[Dataset excerpts]
- - - - -
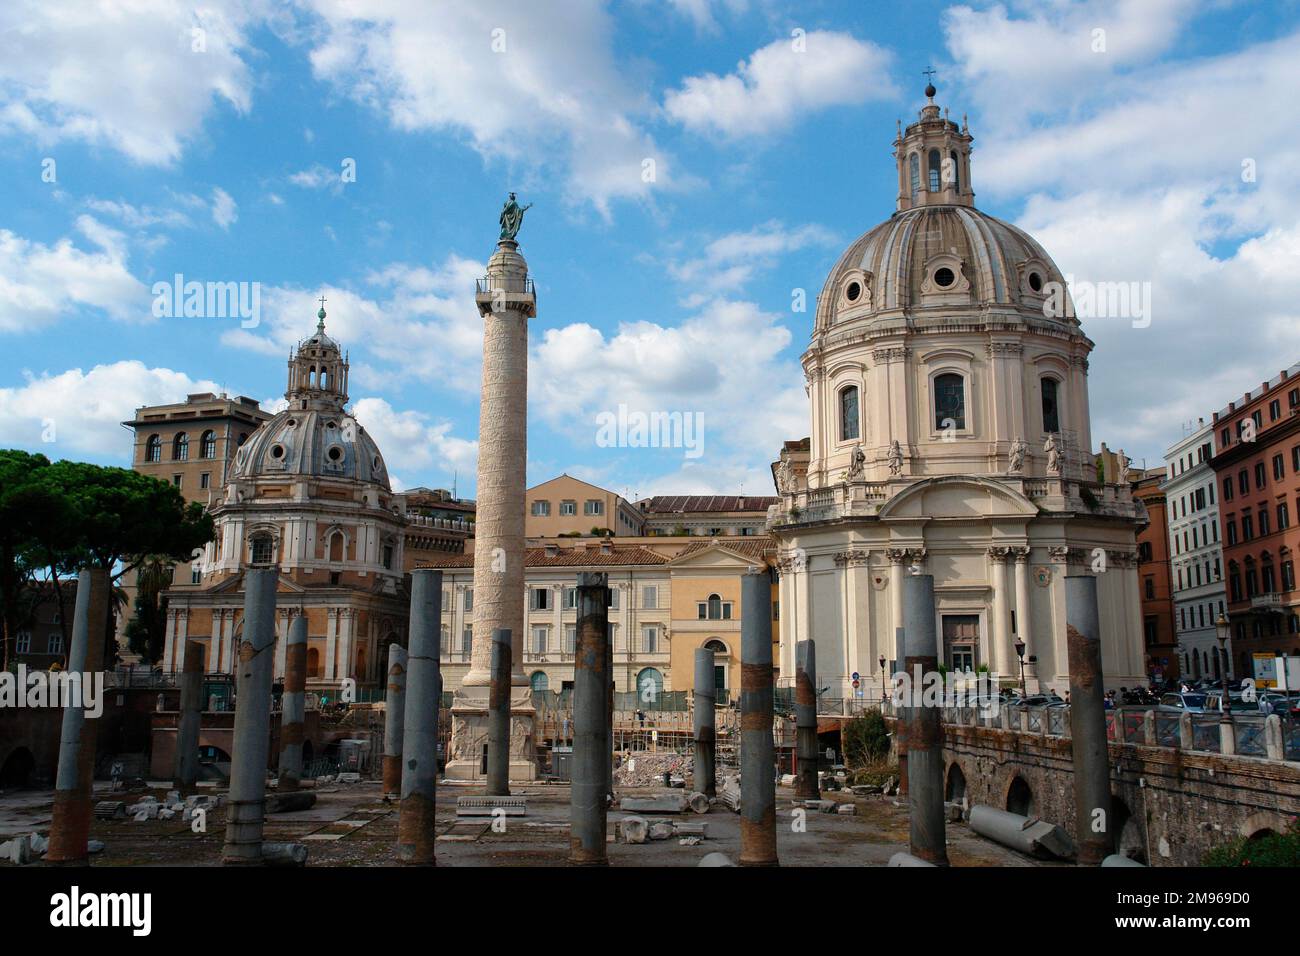 Blick auf die Trajanssäule, mit dem Petersdom auf der rechten Seite, in Rom, Italien. Die Säule ist berühmt für ihr spiralförmiges Relief zum Gedenken an Kaiser Trajans Sieg in den Dacianischen Kriegen. Stockfoto
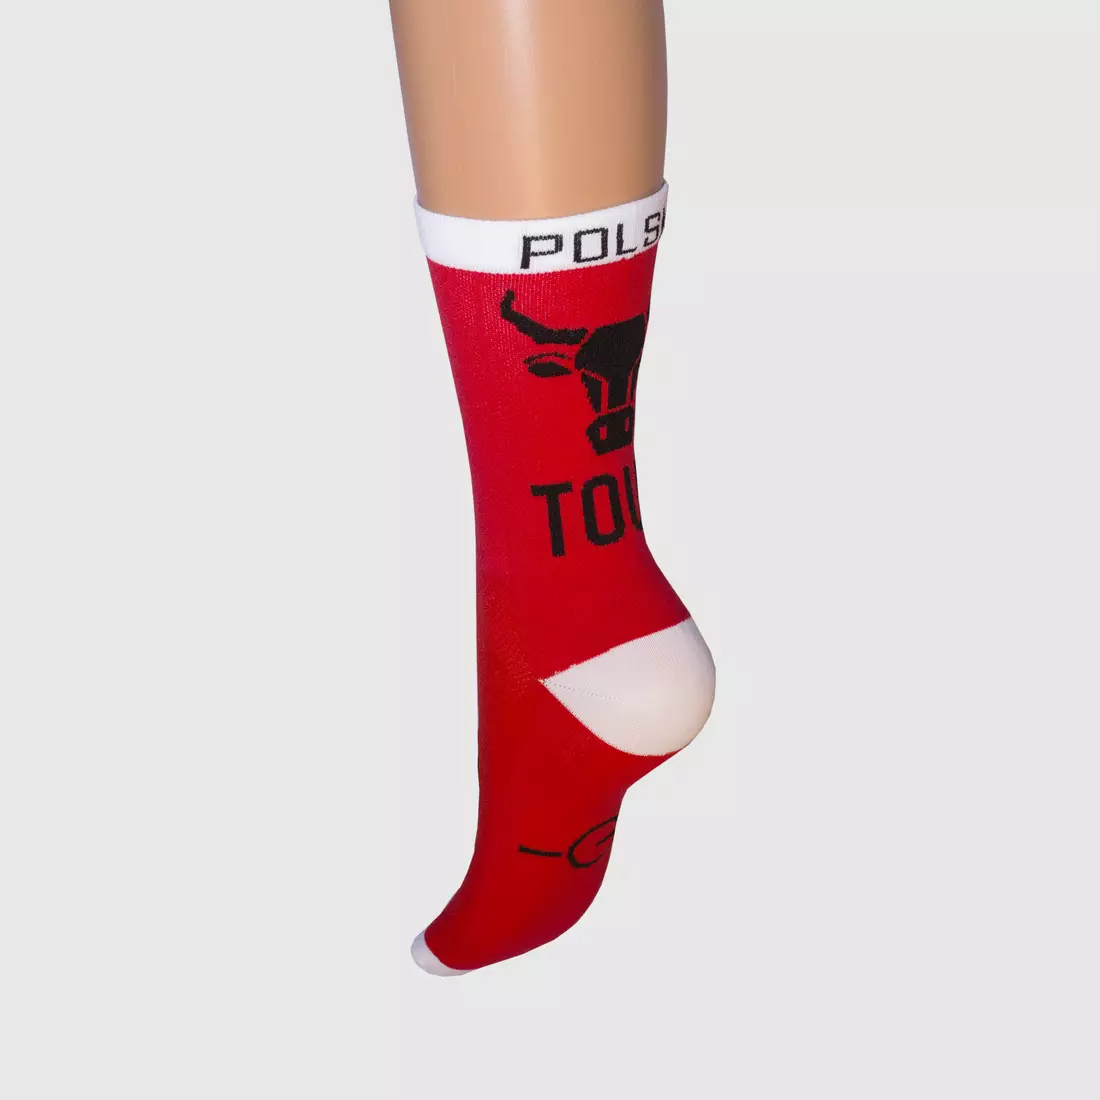 GONKA Polish Tour cycling socks
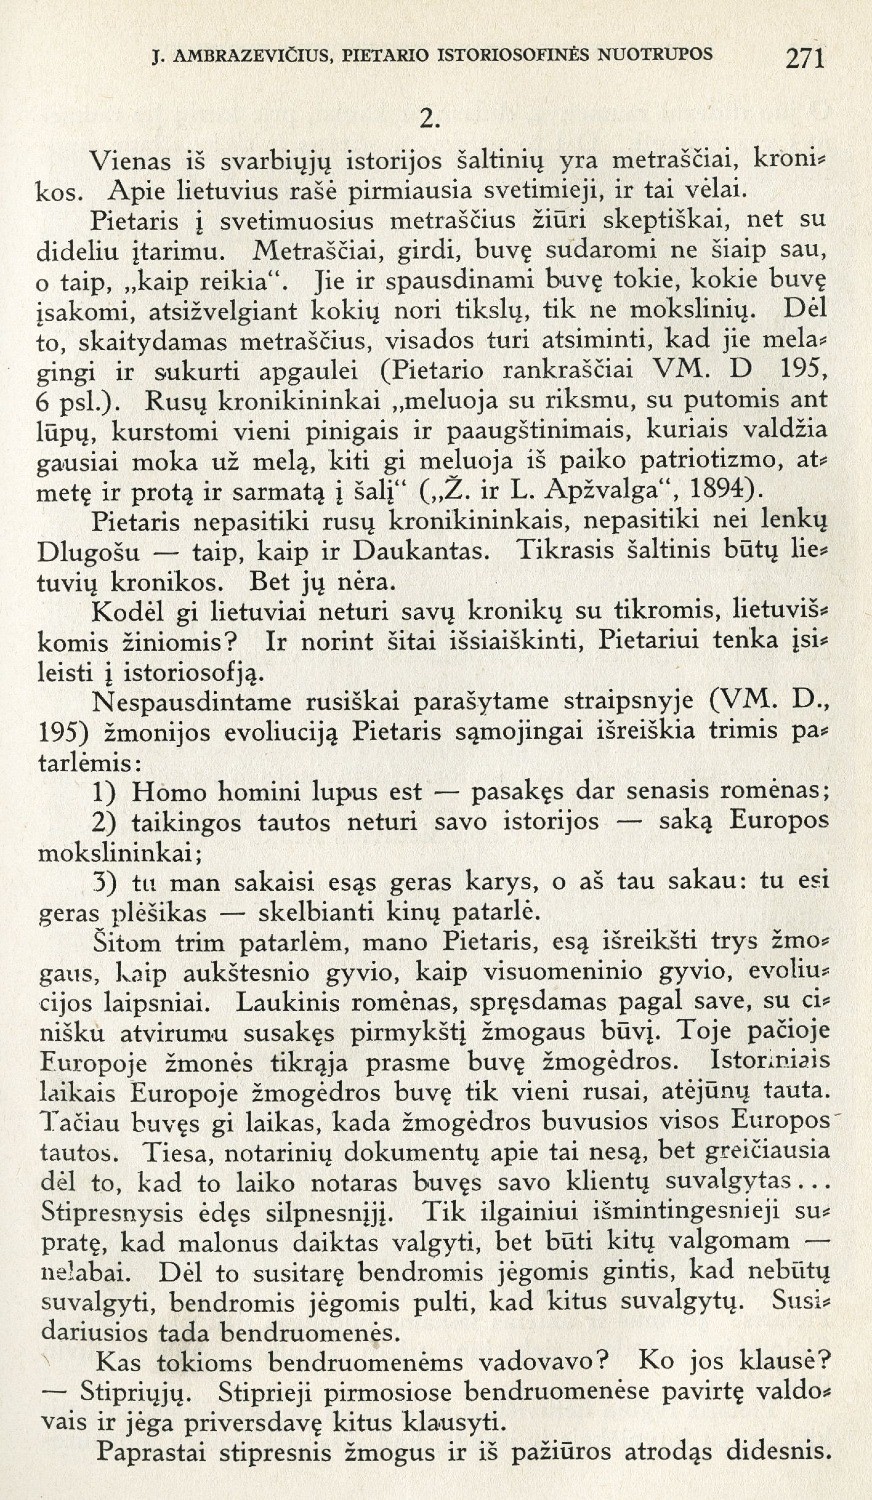 Pietario istoriosofinės nuotrupos: Įvadas į jo „Algimantą“ / J. Ambrazevičius // Židinys. – 1937, Nr. 10, p. 269–277.
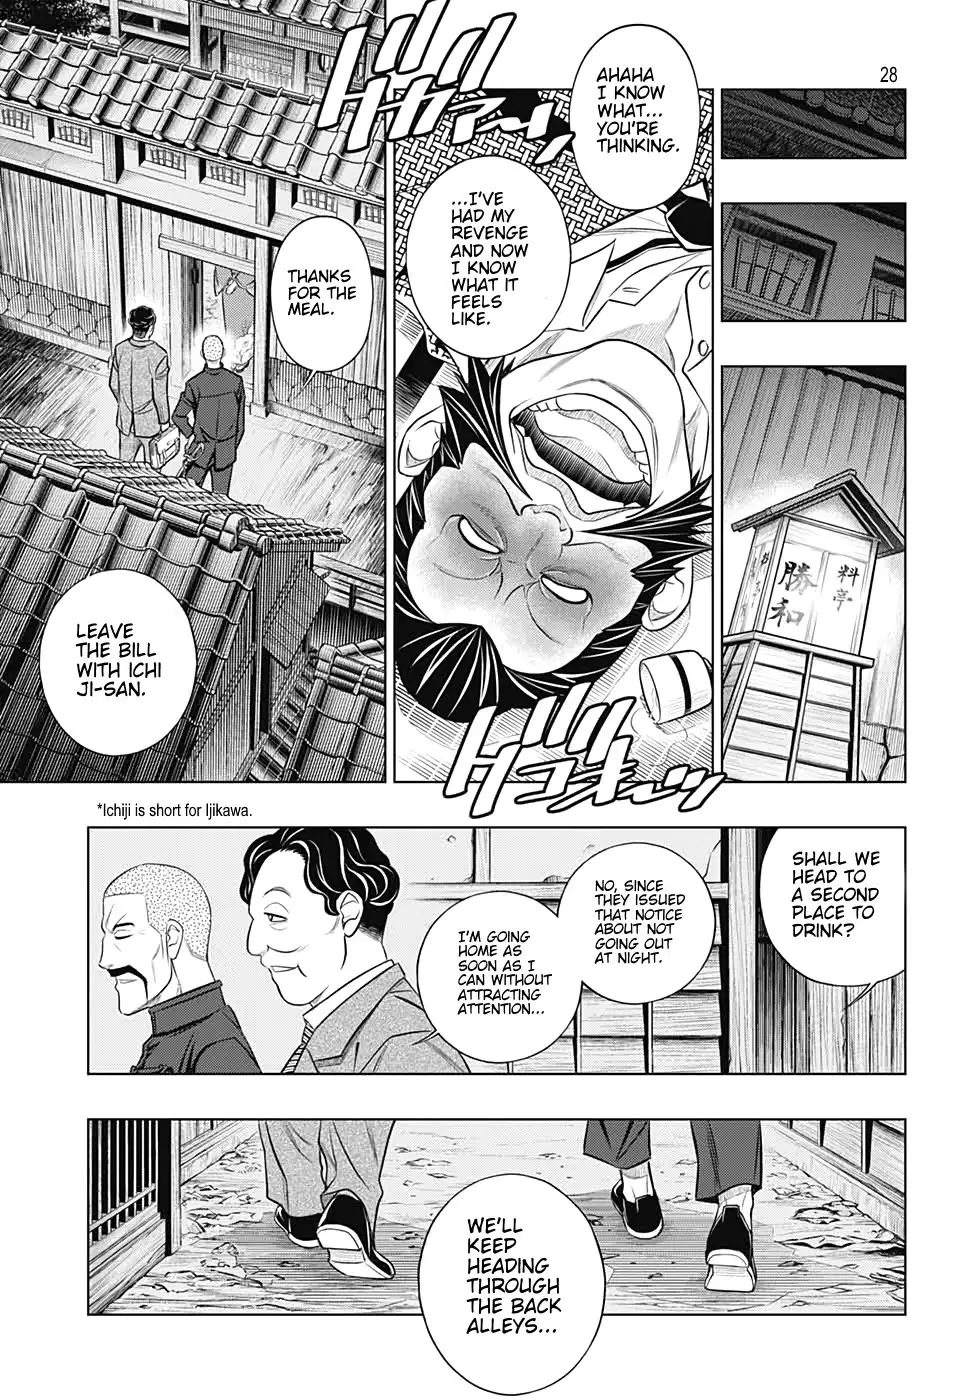 Rurouni Kenshin: Hokkaido Arc - 37 page 28
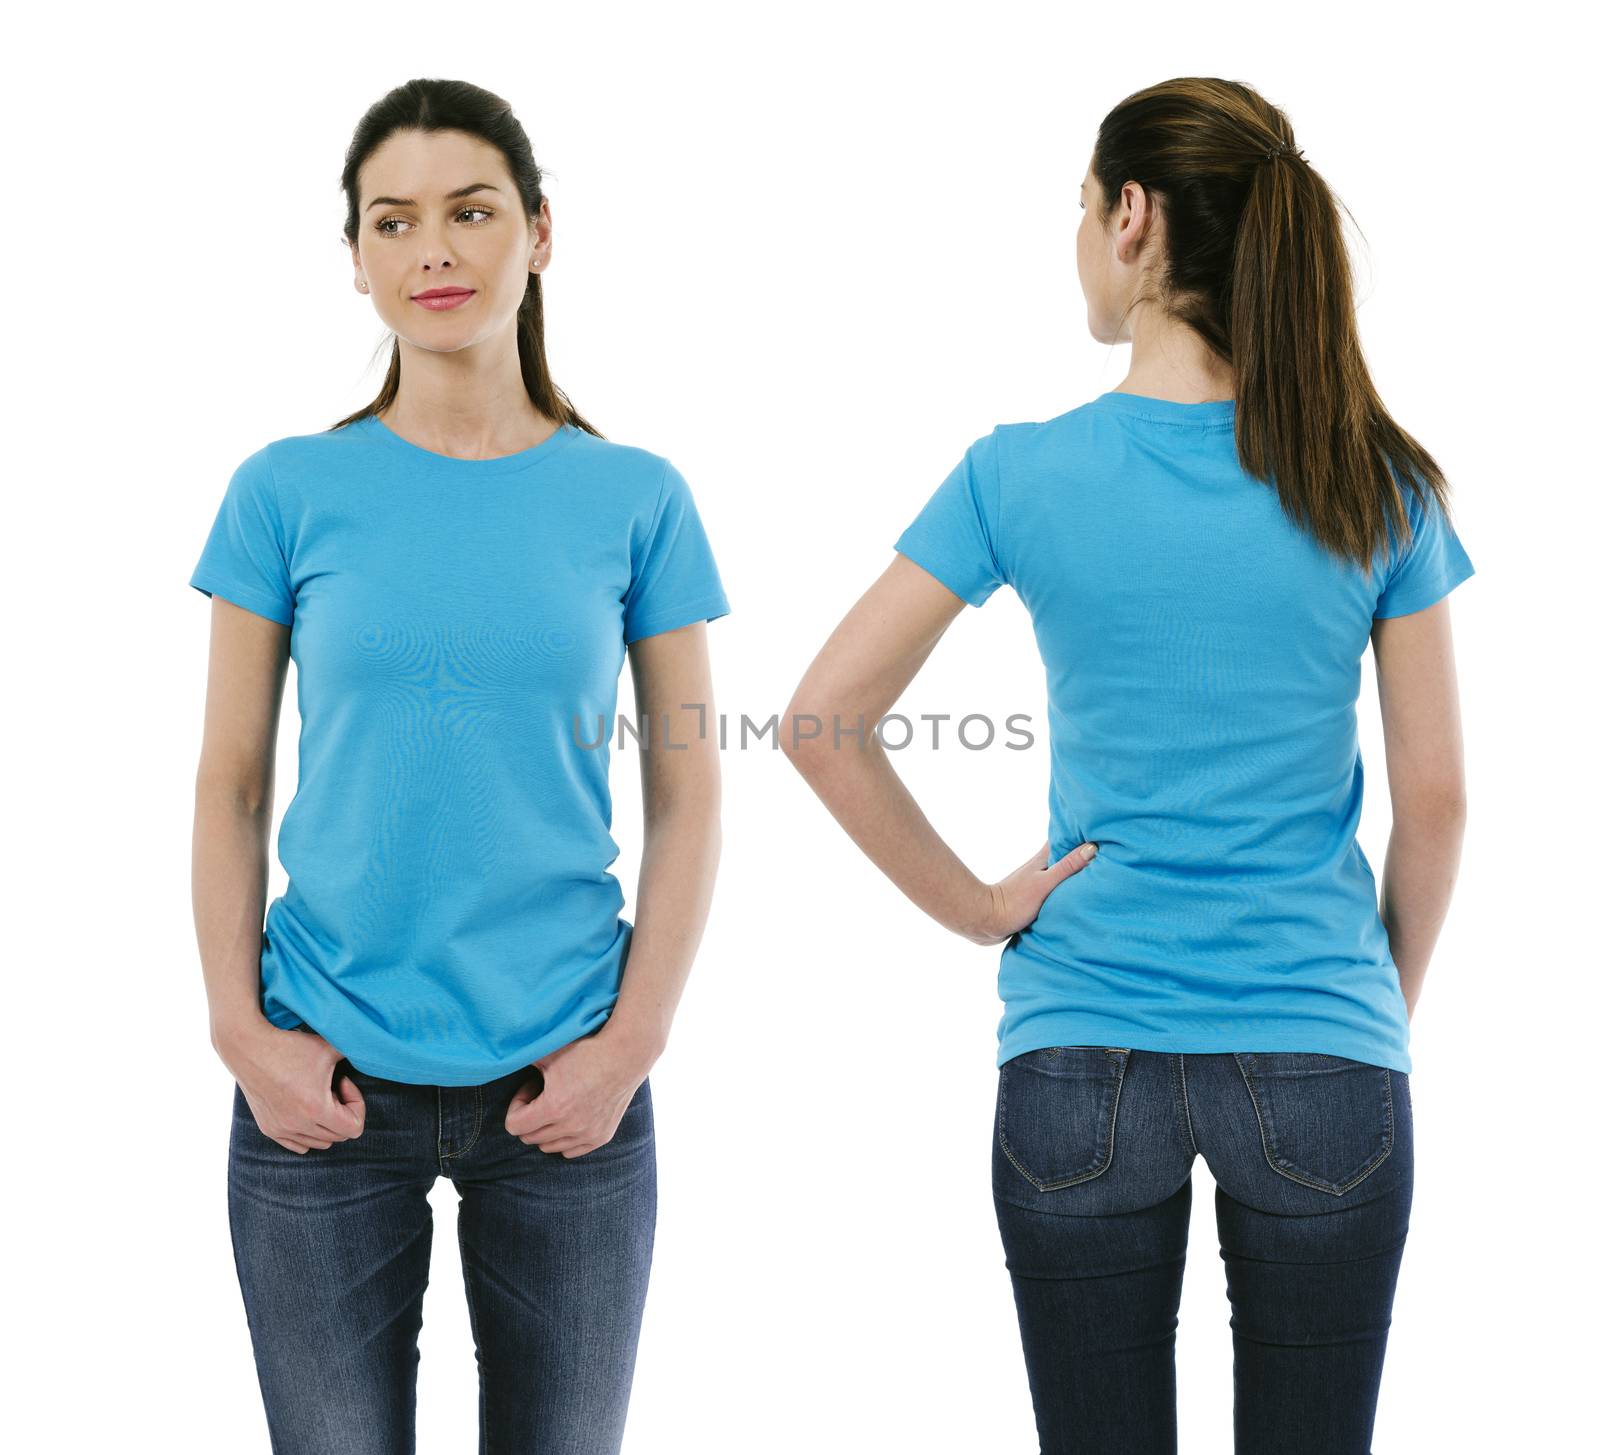 Brunette woman wearing blank light blue shirt by sumners
- - - - -
» DIRECTIONS FOR THIS TASK:
Reproduce each entry exactly as written, but leave out the images.

» PROBLEM SOLUTION:
 Blick auf die Trajanssäule, mit dem Petersdom auf der rechten Seite, in Rom, Italien. Die Säule ist berühmt für ihr spiralförmiges Relief zum Gedenken an Kaiser Trajans Sieg in den Dacianischen Kriegen. Stockfoto
 GONKA Polish Tour cycling socks
 Pietario istoriosofinės nuotrupos: Įvadas į jo „Algimantą“ / J. Ambrazevičius // Židinys. – 1937, Nr. 10, p. 269–277.
 Rurouni Kenshin: Hokkaido Arc - 37 page 28
 Brunette woman wearing blank light blue shirt by sumners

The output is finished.